Where is CHIKV virus headed? Miami prof proposes model
By Margo Kissell, university news and communications, firstname.lastname@example.org
Rao pictured at the DARPA award ceremony with Col. Matthew Hepburn and DARPA Director Arati Prabhakar (photo courtesy of Rao).
An assistant professor in Miami University's department of computer science and software engineering has won $10,000 for a computer model forecasting where the Chikungunya (CHIKV) mosquito-borne virus is likely to spread next.
Dhananjai "DJ" Rao was among 11 teams or individuals recognized recently in a competition organized by the U.S. Department of Defense's Defense Advanced Research Projects Agency (DARPA). The agency launched the CHIKV Challenge last year to accelerate the development of new infectious disease forecasting methods. The aim is to help governments and health organizations around the world take proactive steps against Chikungunya (pronounced chik-en-gun-ye).

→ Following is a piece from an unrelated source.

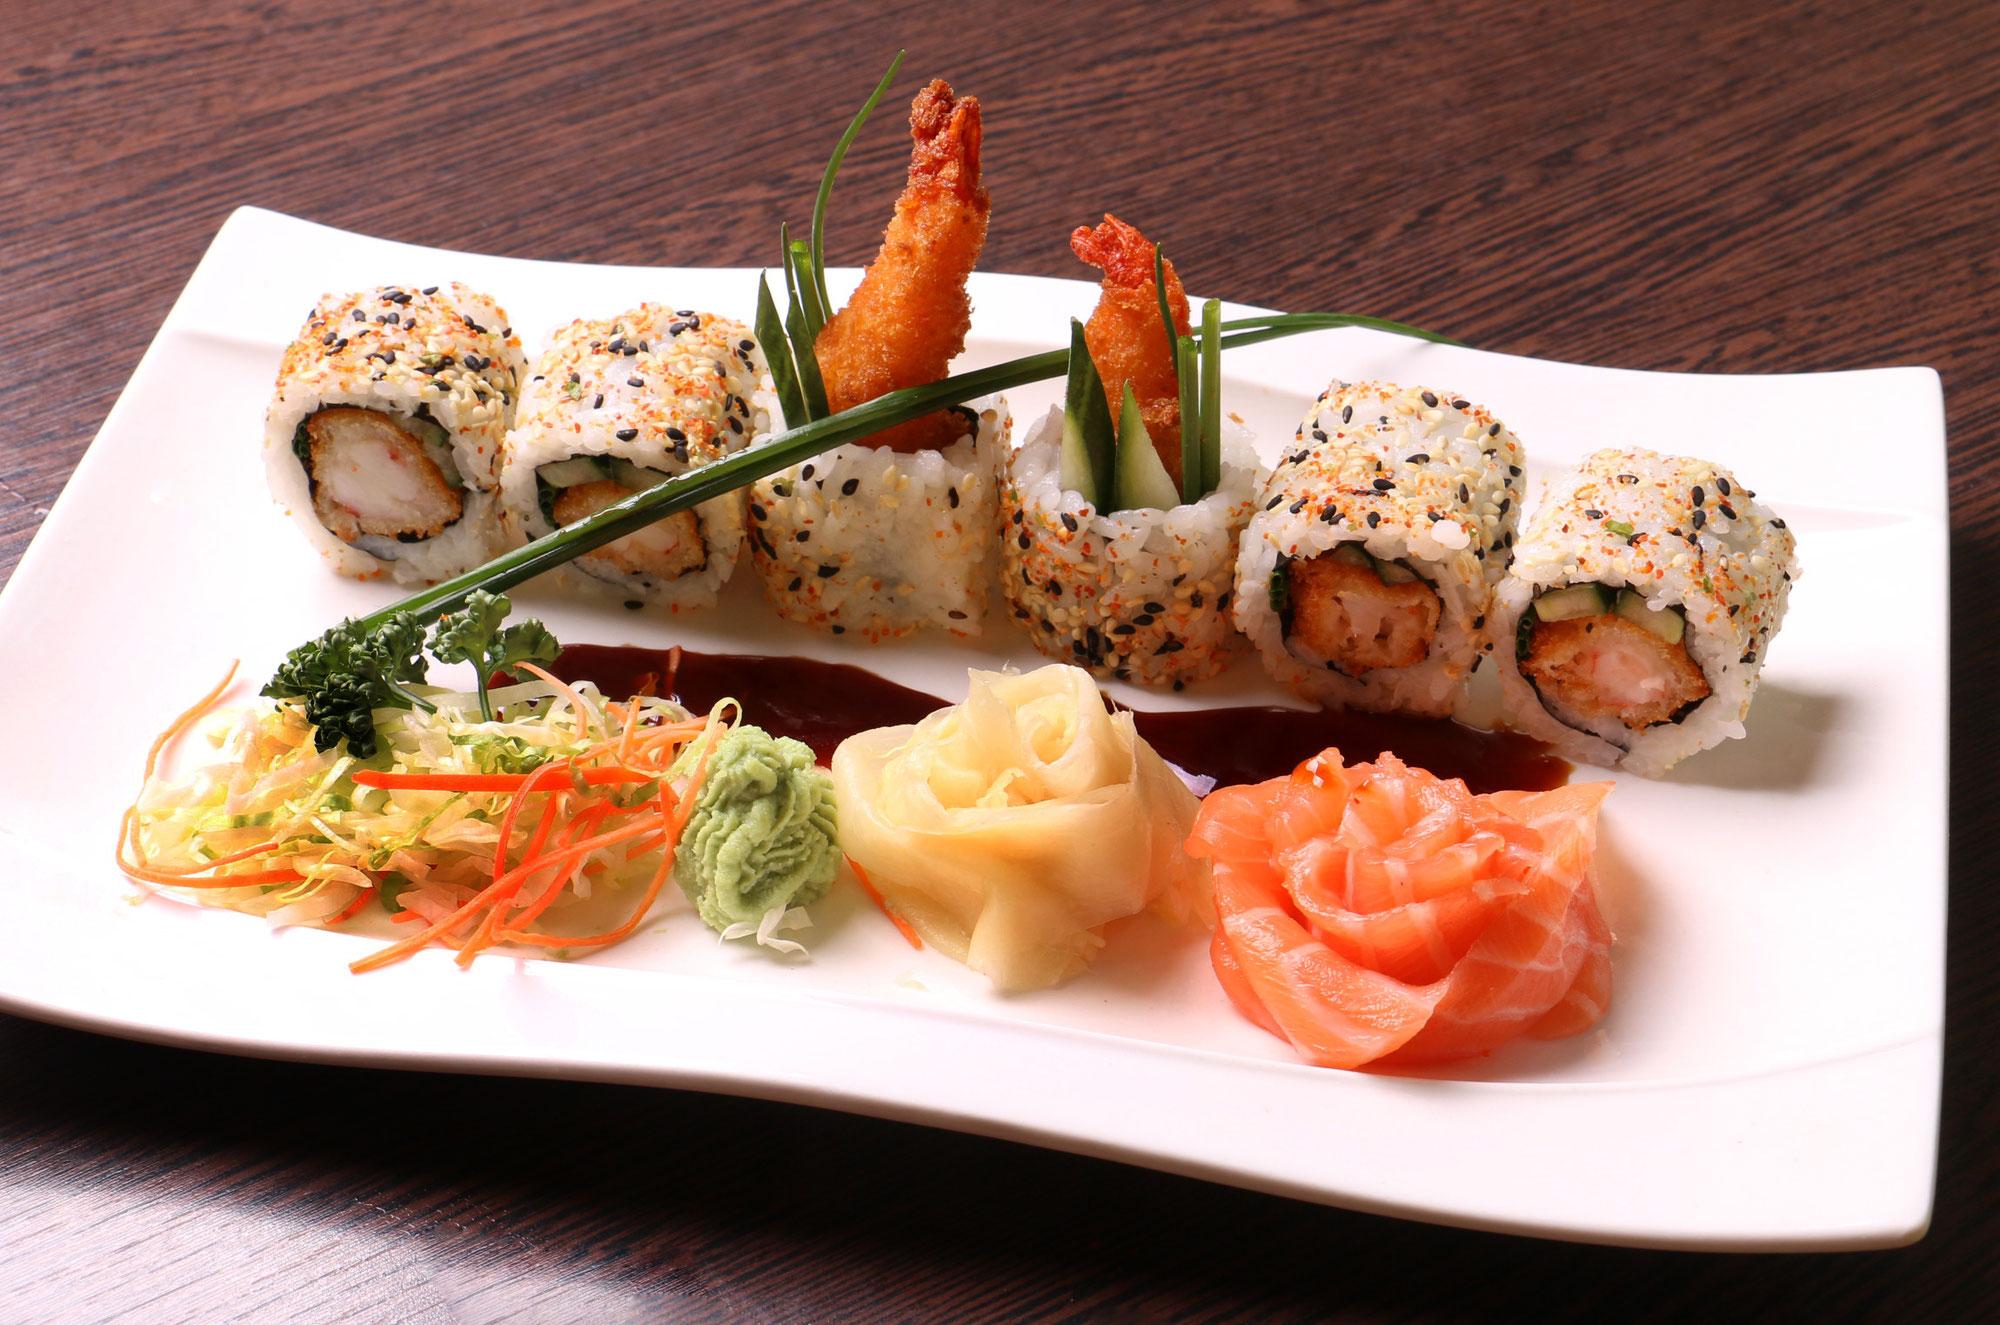 Art Cuisine | Asia Cuisine Sushi Bar Fur Jeden Geschmack Etwas Dabei

The disease is rarely fatal but can cause debilitating joint and muscle pain, fever, nausea, fatigue and rash. DARPA said it poses a growing public health and national security risk.
The Centers for Disease Control and Prevention (CDC) reported that as of June 2, 2015, there were no locally transmitted cases reported from U.S. states. Local transmission means mosquitos in the area have been infected with the virus and are spreading it to people.
However, 157 Chikungunya virus cases have been reported from 30 states, including Ohio, with all of those cases occurring in travelers returning from affected areas, according to the CDC.
Rao has been forecasting emergent diseases for about seven years, with a focus on influenza-like diseases such as flu, avian flu and swine flu.
"I have worked on forecasting the global spread of avian strains with migratory waterfowl being the transcontinental vector," Rao said. "Consequently, forecasting Chikungunya that is spread by mosquitoes was a natural transition."
Chikungunya had an impact on India, Rao's native country, before it arrived in the Americas in 2013. Rao said the DARPA challenge gave him a chance to pursue his interest in understanding the disease and its impact and help design strategies to contain it.
Though the contest was open to teams, Rao said he entered on his own because he heard about it just a few weeks before the submission deadline "and I did not have much time to put together a team."
Thirty-eight teams from around the world vied to develop the most accurate predictions of cases for all Western Hemisphere countries and territories between September 2014 and March 2015. DARPA announced the winners in May at the agency's Arlington, Va., offices, which included representation from the CDC, Department of Defense, U.S. Department of Health and Human Services and the White House Office of Science and Technology Policy.
Six teams earned cash prizes for the most accurate results. Five other teams earned $10,000 each for excelling in particular challenge areas.
Rao, who won for Best Applicability Methodology, said his method embodies important ecological temporo-geospatial characteristics of the disease such as weather, temperature dependent mosquito life cycle, mosquito-human cross infections and disease transmission, air traffic and socioeconomics to provide a comprehensive methodology for forecasting and analysis of containment strategies.
“Predicting the speed, severity and direction of infectious disease outbreaks is incredibly challenging, in part because it’s difficult to determine the relative contributions of multiple factors — such as weather and climate, population density and travel patterns — under various conditions,” said Col. Matt Hepburn, DARPA program manager for the CHIKV Challenge.
Yet in just six months’ time, the participants made notable progress, Hepburn added. “The teams in the CHIKV Challenge identified gaps in current forecasting capabilities and created a set of tools that can immediately help improve forecasting and guide response decisions for the current Chikungunya outbreak. We are on the cusp of enabling a revolutionary improvement in disease forecasting, in much the way that weather reports transitioned from surveillance to forecasting.”